**** Stored data ****
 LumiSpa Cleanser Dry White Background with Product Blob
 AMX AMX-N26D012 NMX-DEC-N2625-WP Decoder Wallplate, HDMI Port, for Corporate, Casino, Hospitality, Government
****
**** Stored data ****
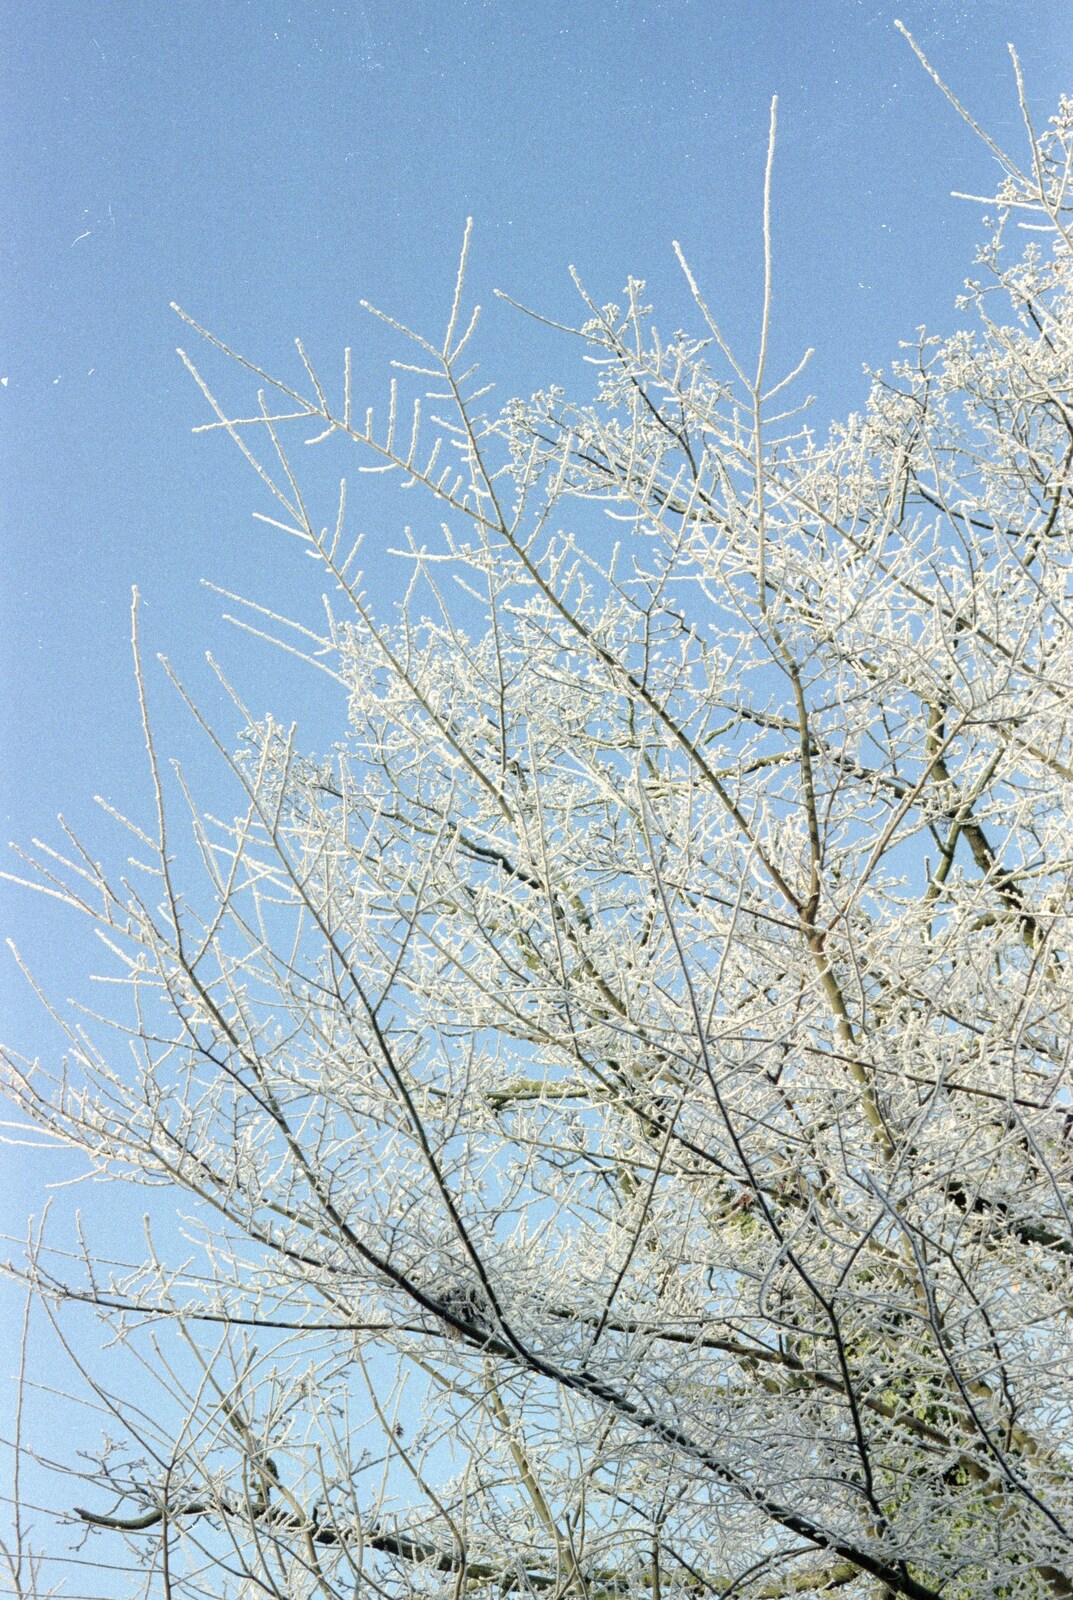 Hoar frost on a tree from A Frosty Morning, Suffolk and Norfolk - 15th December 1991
****
**** Stored data ****
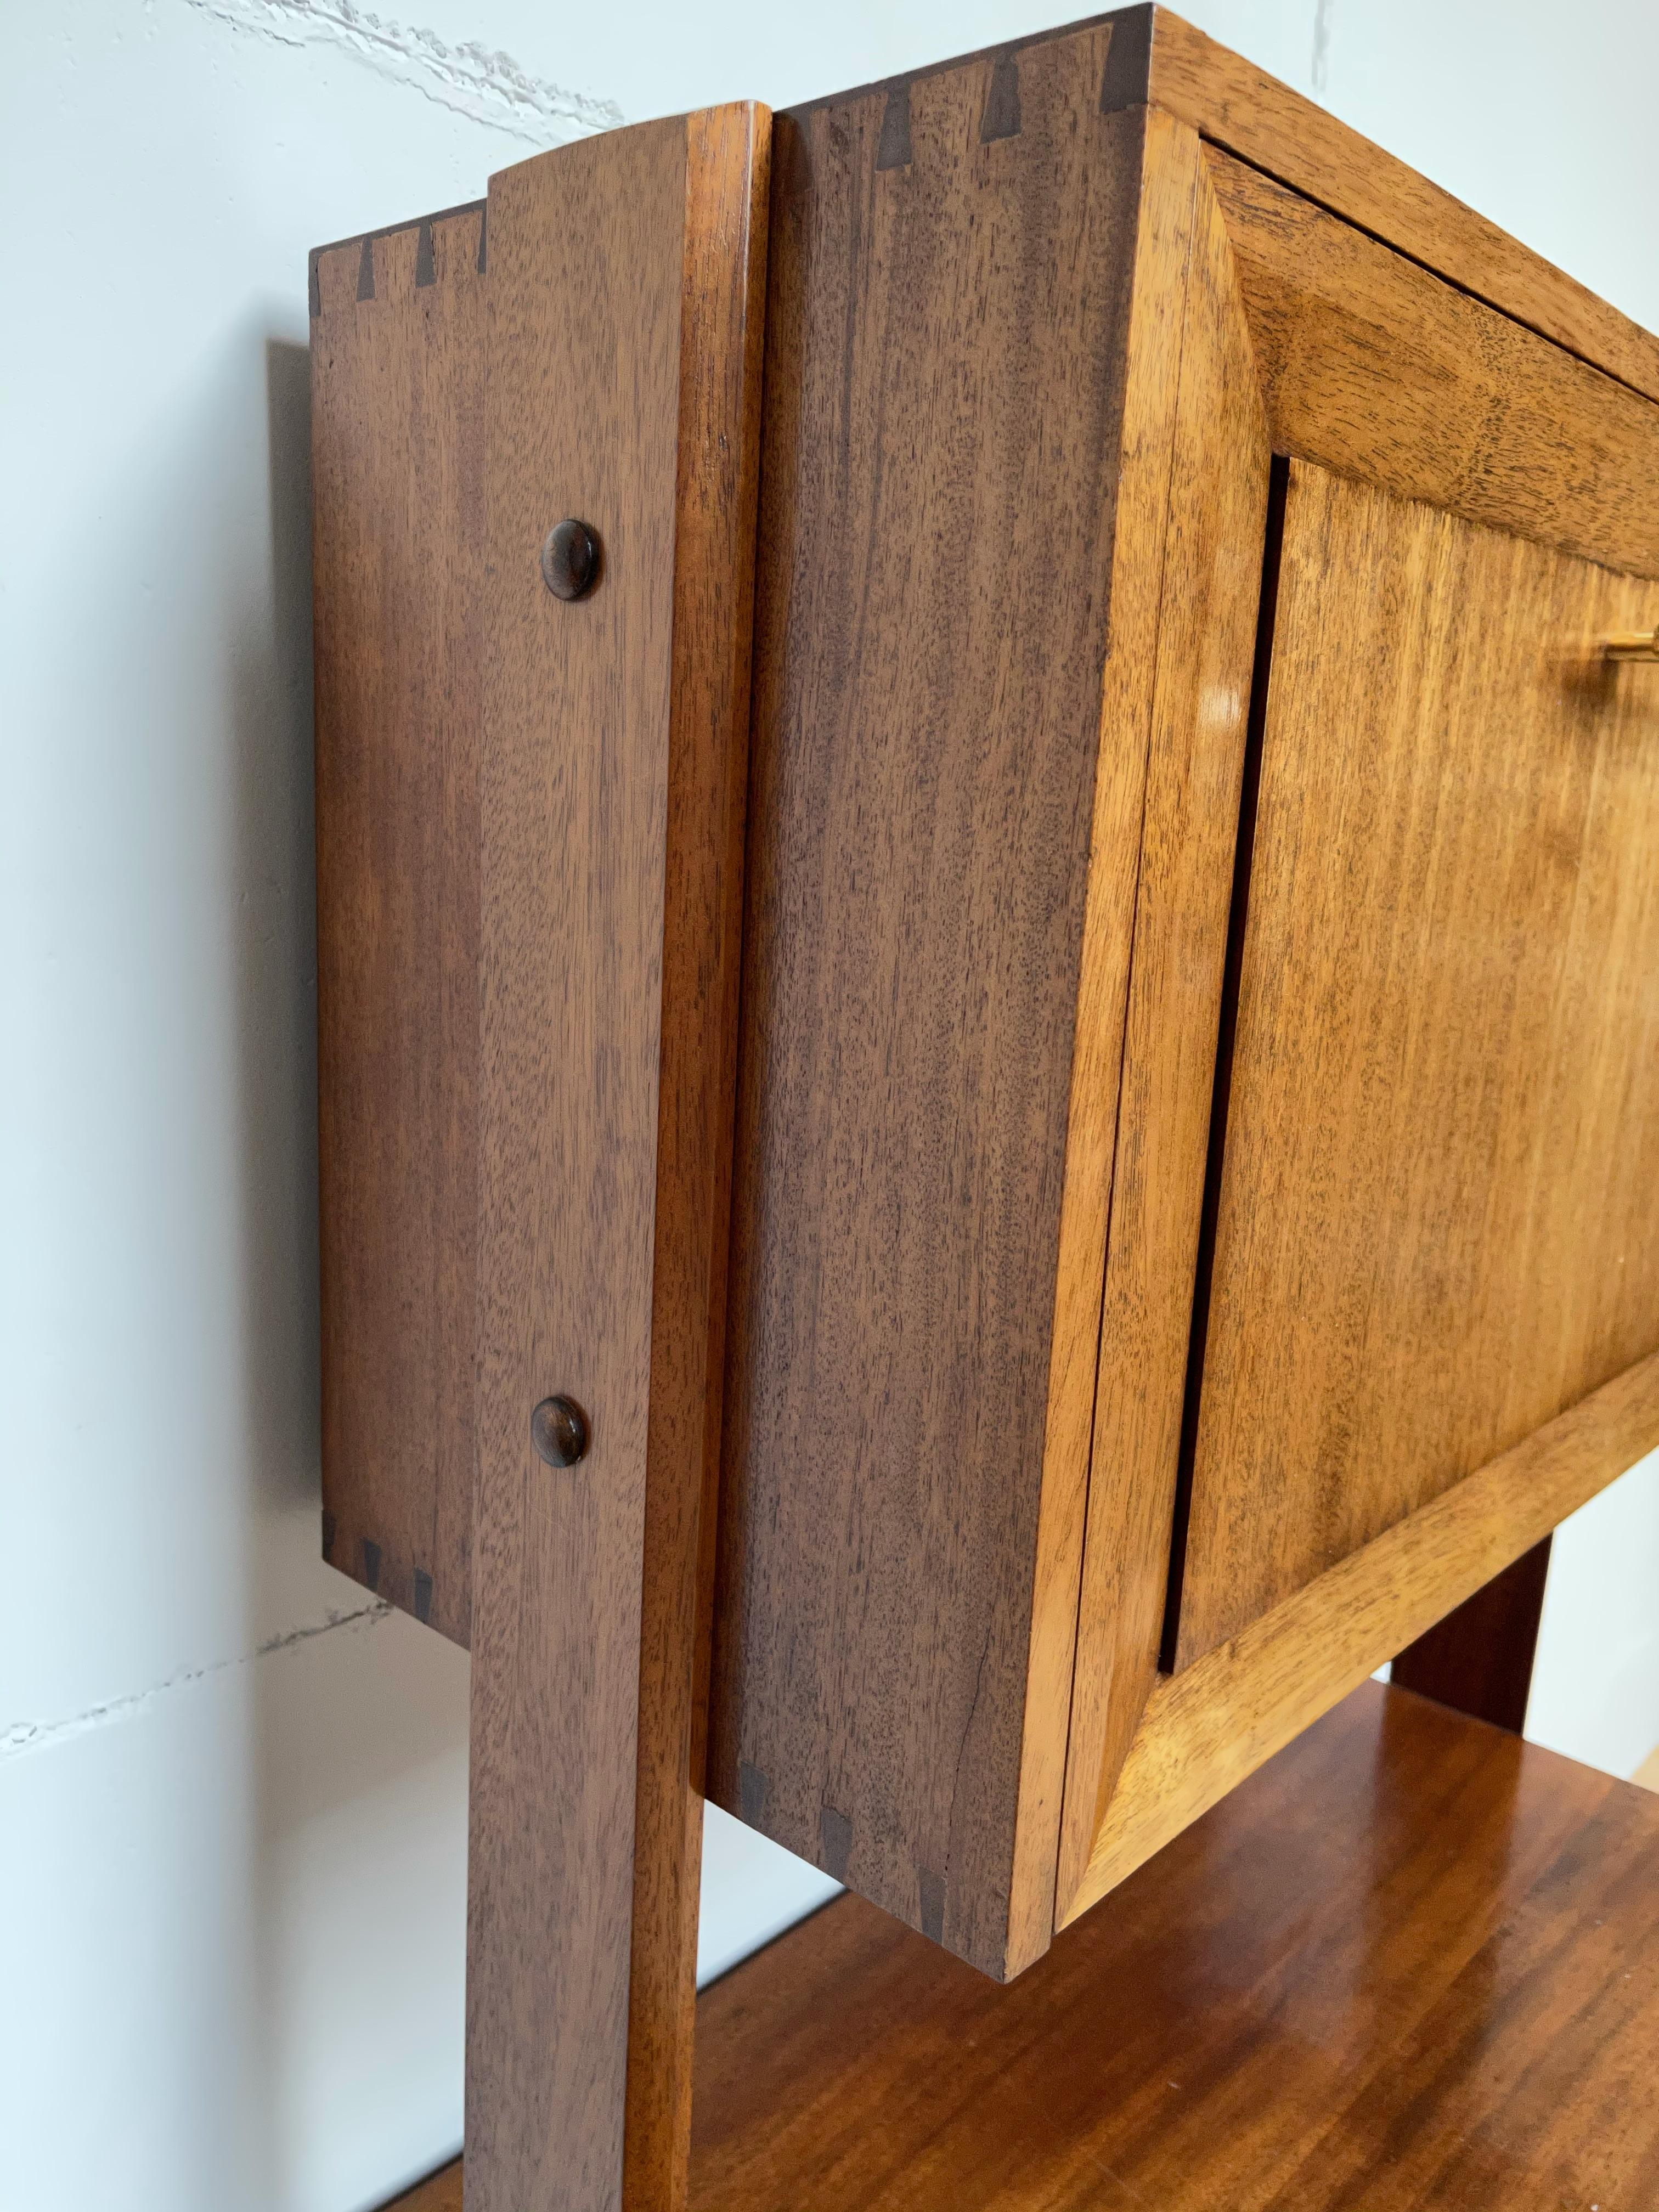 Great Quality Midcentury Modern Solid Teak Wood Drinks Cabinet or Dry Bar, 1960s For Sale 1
****
### What is being asked
Scan the records above for the lines holding "LumiSpa Cleanser Dry" and "AMX AMX-N26D012 NMX-DEC-N2625-WP". Transcribe those two and every line between them word for word, and no others.

### Output of the exercise
 LumiSpa Cleanser Dry White Background with Product Blob
 AMX AMX-N26D012 NMX-DEC-N2625-WP Decoder Wallplate, HDMI Port, for Corporate, Casino, Hospitality, Government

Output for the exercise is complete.